We share this wonderful corner of the Earth, so let's keep talking to each other – and listening.

[The above column appeared this morning in the Las Cruces Sun-News this morning, Sunday, 9 July, and will presently appear on the newspaper's website (under Opinion: Real Dialogue Needed) and KRWG-TV's website (under News --> Local Viewpoints).]

[A lot happened after I wrote this!  The week included two very publicized shooting of black men by police and the assassination of five Dallas police officers by a black man angry about those shootings. Obviously these were all tragedies.  There is no justification at all of the Dallas murders; the police shootings strongly appear unjustified, pending further investigation.  The obvious fear is that both police and young black men will fear and distrust each other even more deeply -- with some good reasons and some bad on both sides -- and act unwisely.   The obvious need is for enhanced communication and understanding.  Police need even more training, and better understanding of young black men and black ways; and communities need to recognize that police have a tough and dangerous job requiring split-second decisions without full information.  How do we make that happen?]

[One thing left unclear after the City Council meeting was this: Greg Smith and Ceil Levatino sought to delay the vote so that there could be fuller community discussion, and Mayor Miyagashima and the other councilors also seemed to favor further discussion.  My perhaps mistaken impression was that although they had voted on the resolution, they'd also called for further discussion at a work session.  Although Greg Smith's reference to a possible "consensus" is so optimistic as to be nonsensical, I think we all believe that progress locally can only come from further and more meaningful dialogue.  Even if no further "rules" result, which is most likely, the meeting described in the column proves how much gun owners and gun control advocates, generally, need to understand each other better.  That doesn't have to be through a city work session, and there are likely better venues (perhaps including a Great Conversation); but it needs to happen.]

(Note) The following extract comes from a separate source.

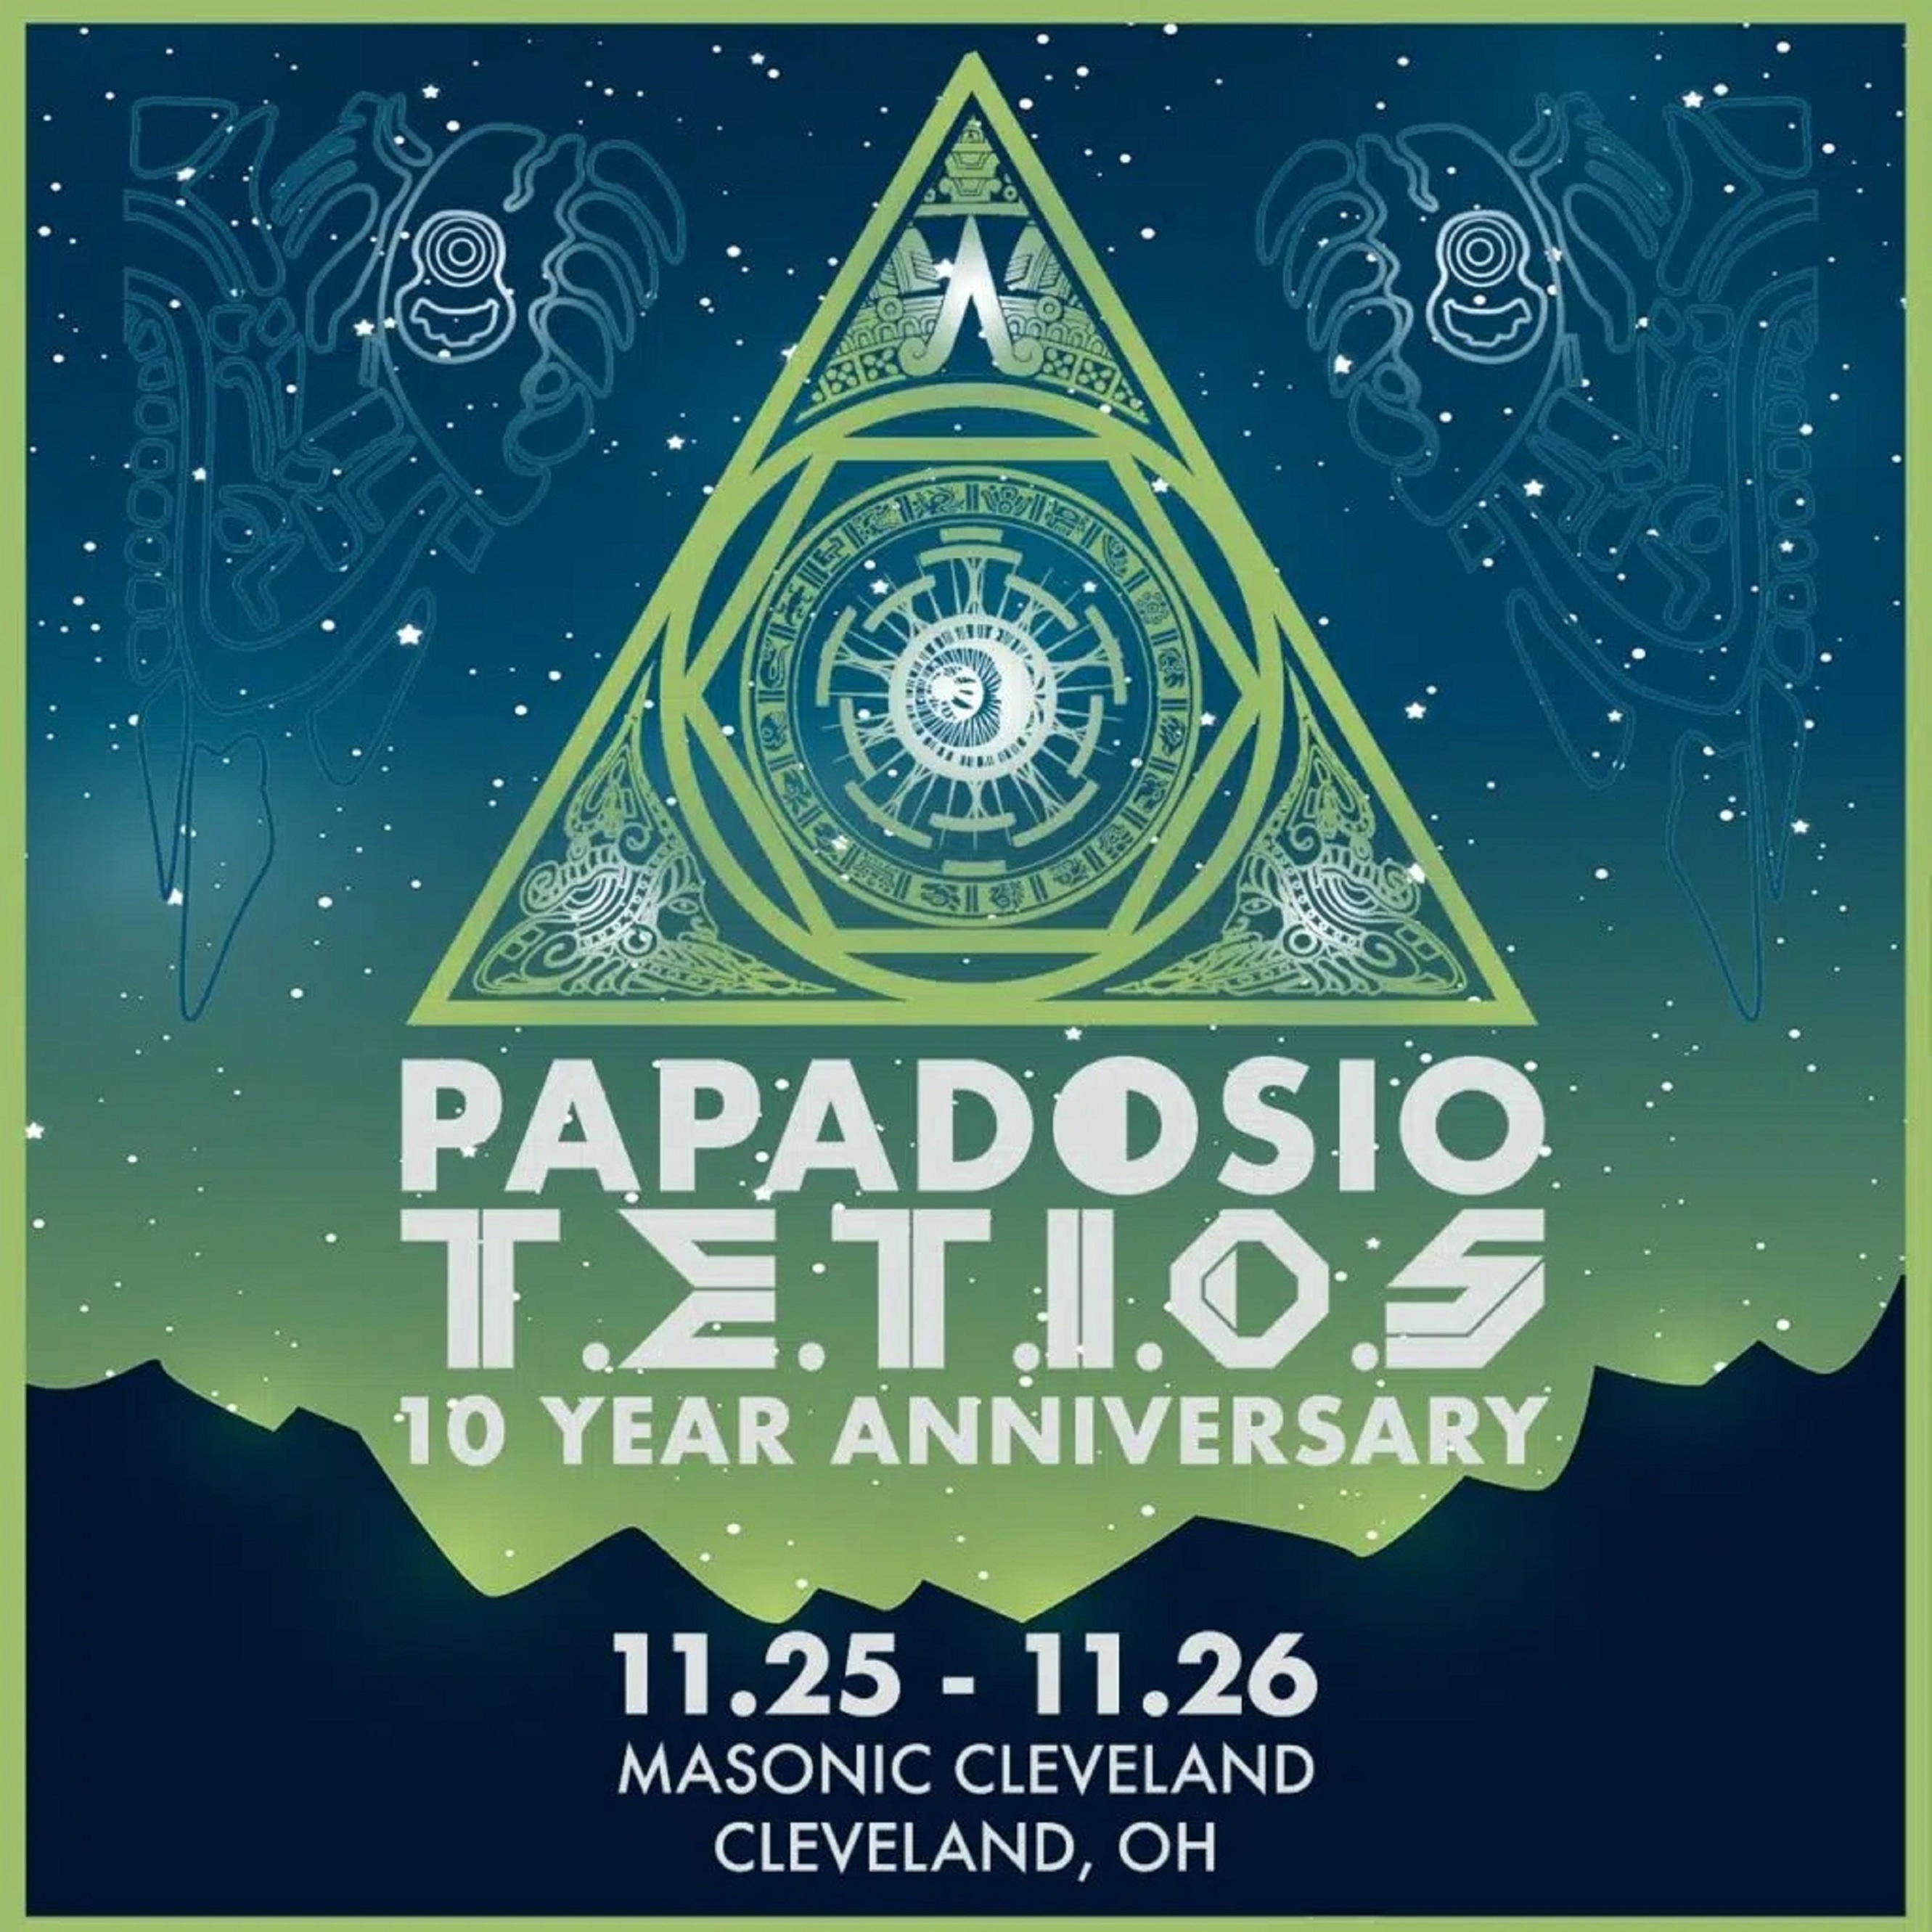 Papadosio's 10 year TETIOS anniversary moves to Cleveland

[The column mentions the gun industry's misleading attempt to justify lax gun control by arguing that Switzerland "requires all men to own guns" and has a very low homicide rate.  This site asks whether the gun industry's comments about Switzerland are fact or myth, noting that in fact Swiss gun regulations are pretty strict.  This is Wikipedia's article on the Swiss and guns , which is fairly detailed.   There's also this Time Magazine piece on the Swiss gun culture.  The fact that the gun industry misstates the facts about Switzerland doesn't mean that we might not learn from the Swiss example.  Unfortunately, it wouldn't be easy to transport Swiss rules and norms from a small, homogenous, European nation with a culture of "community before individual" to a sprawling, heterogenous nation that emphasizes Individualism above all. 

Another misleading use of Switzerland that we see after nearly every shooting tragedy is the  comparison of Switzerland and Honduras which notes that each has about 8.2 million people, but the Swiss, with more guns, have fewer gun deaths -- ignoring that one is a wealthy European country surrounded by peaceful neighbors while the other is on a drug-running route.  The comparison claims the Swiss require gun ownership while the Hondurans ban guns, yet Honduras has the world's highest homicide rate and Switzerland the lowest.]